With the use of Anthropic’s Claude 3.5 Sonnet model on Amazon Bedrock, the system processes complex requests and generates contextually relevant responses. The serverless architecture provides scalability and responsiveness, and secure storage houses the studio’s vast asset library and knowledge base. Key AWS services used include:

• Amazon Bedrock – Including Anthropic’s Claude 3.5 Sonnet LLM, Stability AI’s Stable Diffusion 3 image generation, and knowledge base connectors
• AWS Lambda – For workflow execution
• Amazon API Gateway – For the Slack event handler
• Amazon Simple Storage Service (Amazon S3) – For arbitrary unstructured data
• Amazon DynamoDB – For persistent storage

The following diagram illustrates the solution architecture.

The main components for this application are the Slack integration, the Amazon Bedrock integration, the Retrieval Augmented Generation (RAG) implementation, user management, and logging.

Slack integration

We use a two-function approach to meet Slack’s 3-second acknowledgment requirement. The incoming event from Slack is sent to an endpoint in API Gateway, and Slack expects a response in less than 3 seconds, otherwise the request fails. The first Lambda function, with reserved capacity, quickly acknowledges the event and forwards the request to the second function, where it can be handled without time restrictions. The setup handles time-sensitive responses while allowing for thorough request processing. We call the second function directly from the first function without using an event with Amazon Simple Notification Service (Amazon SNS) or a queue with Amazon Simple Queue Service (Amazon SQS) in between to keep the latency as low as possible.

Amazon Bedrock integration

Our Untold Assistant uses Amazon Bedrock with Anthropic’s Claude 3.5 Sonnet model for natural language processing. We use the model’s function calling capabilities, enabling the application to trigger specific tools or actions as needed. This allows the assistant to handle both general queries and complex specialized queries or run tasks across our internal systems.

RAG implementation

Our RAG setup uses Amazon Bedrock connectors to integrate with Confluence and Salesforce, tapping into our existing knowledge bases. For other data sources without a pre-built connector available, we export content to Amazon S3 and use the Amazon S3 connector. For example, we export pre-chunked asset metadata from our asset library to Amazon S3, letting Amazon Bedrock handle embeddings, vector storage, and search. This approach significantly decreased development time and complexity, allowing us to focus on improving user experience.

User management

We map Slack user IDs to our internal user pool, currently in DynamoDB (but designed to work with Amazon Cognito). This system tailors the assistant’s capabilities to each user’s role and clearance level, making sure that it operates within the bounds of each user’s authority while maintaining functionality. The access to data sources is controlled using tools. Every tool encapsulates a data source and the LLM’s access to tools is restricted by the user and their role.
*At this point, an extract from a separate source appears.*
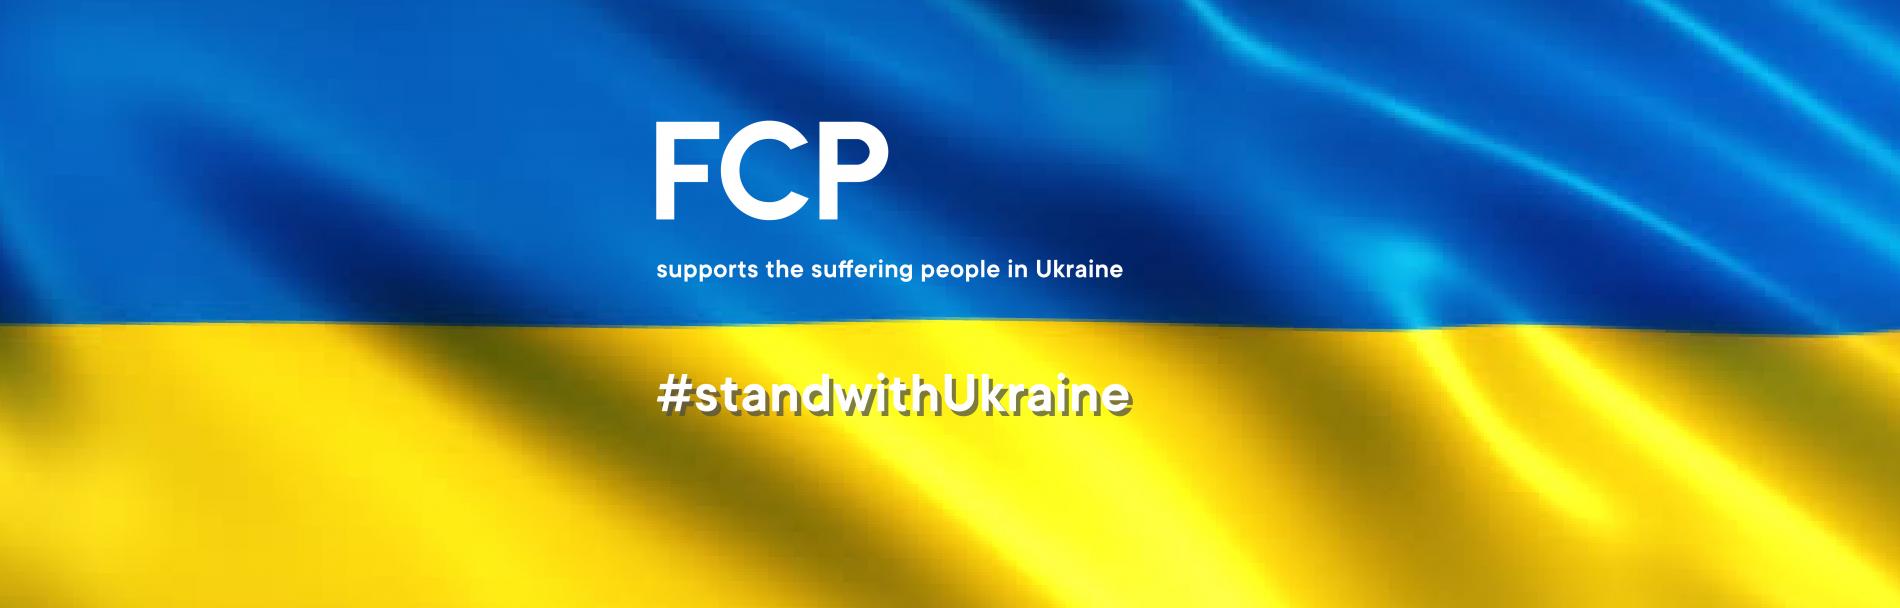 FCP supports the suffering people in Ukraine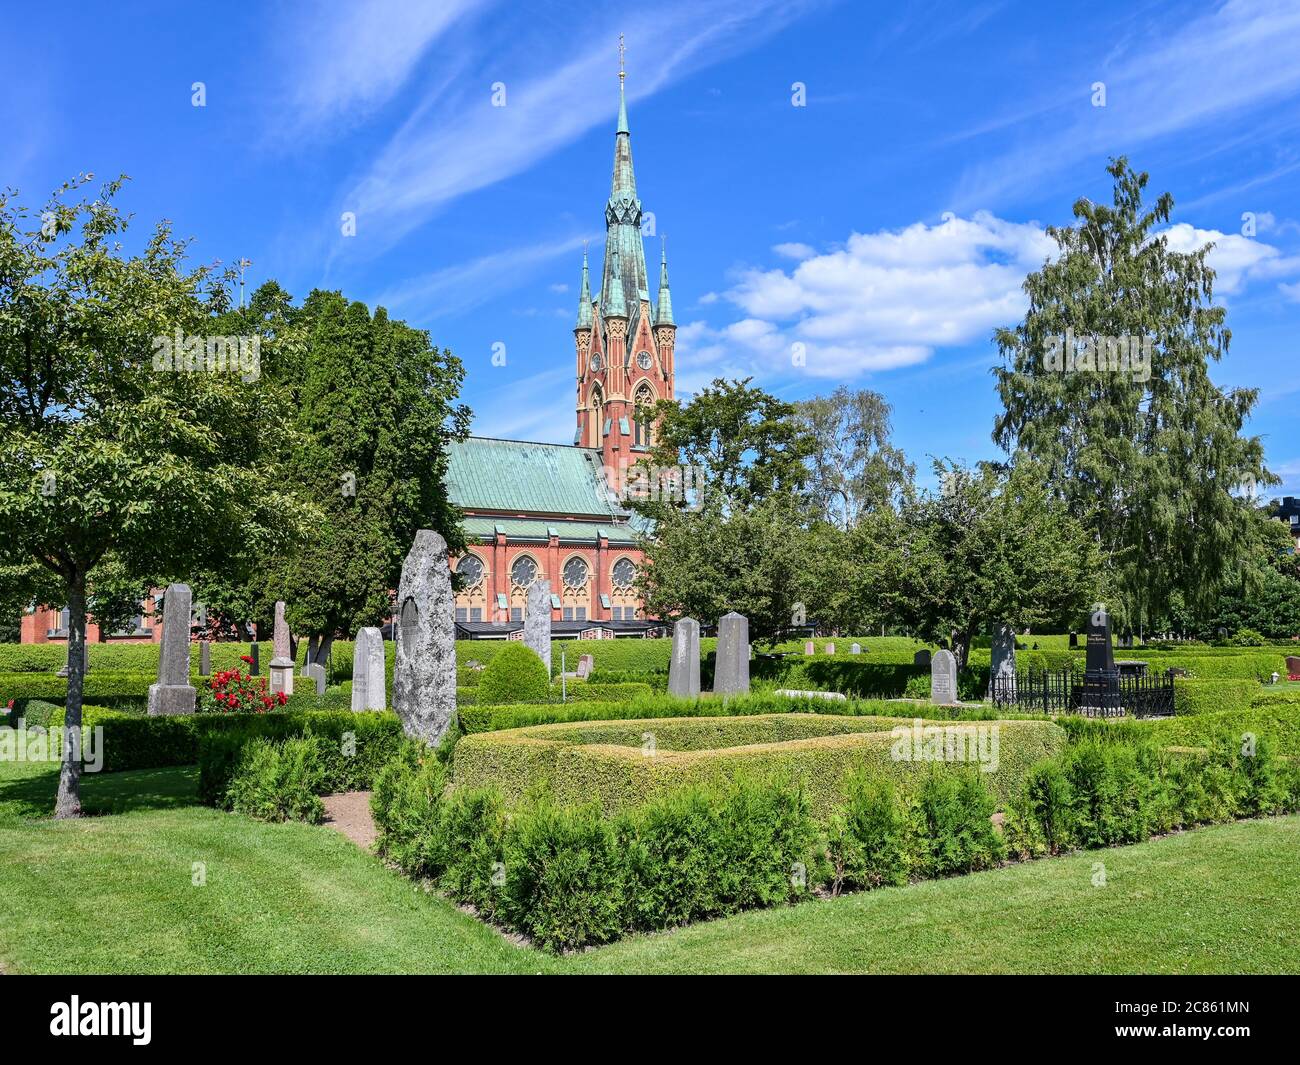 The Matteus church and its churchyard Norrkoping, Sweden. The church located in Folkparken, a city park of Norrkoping, was opened in 1892. Stock Photo

Additionally, if a user tells the assistant something that should be remembered, we store this piece of information in a database and add it to the context every time the user initiates a request. This could be, for example, “Keep all your replies as short as possible” or “If I ask for code it’s always Python.”

Logging and monitoring

We use the built-in integration with Amazon CloudWatch in Lambda to track system performance and error states. For monitoring critical errors, we’ve set up direct notifications to a dedicated Slack channel, allowing for immediate awareness and response. Every query and tool invocation is logged to DynamoDB, providing a rich dataset that we use to analyze usage patterns and optimize the system’s performance and functionality.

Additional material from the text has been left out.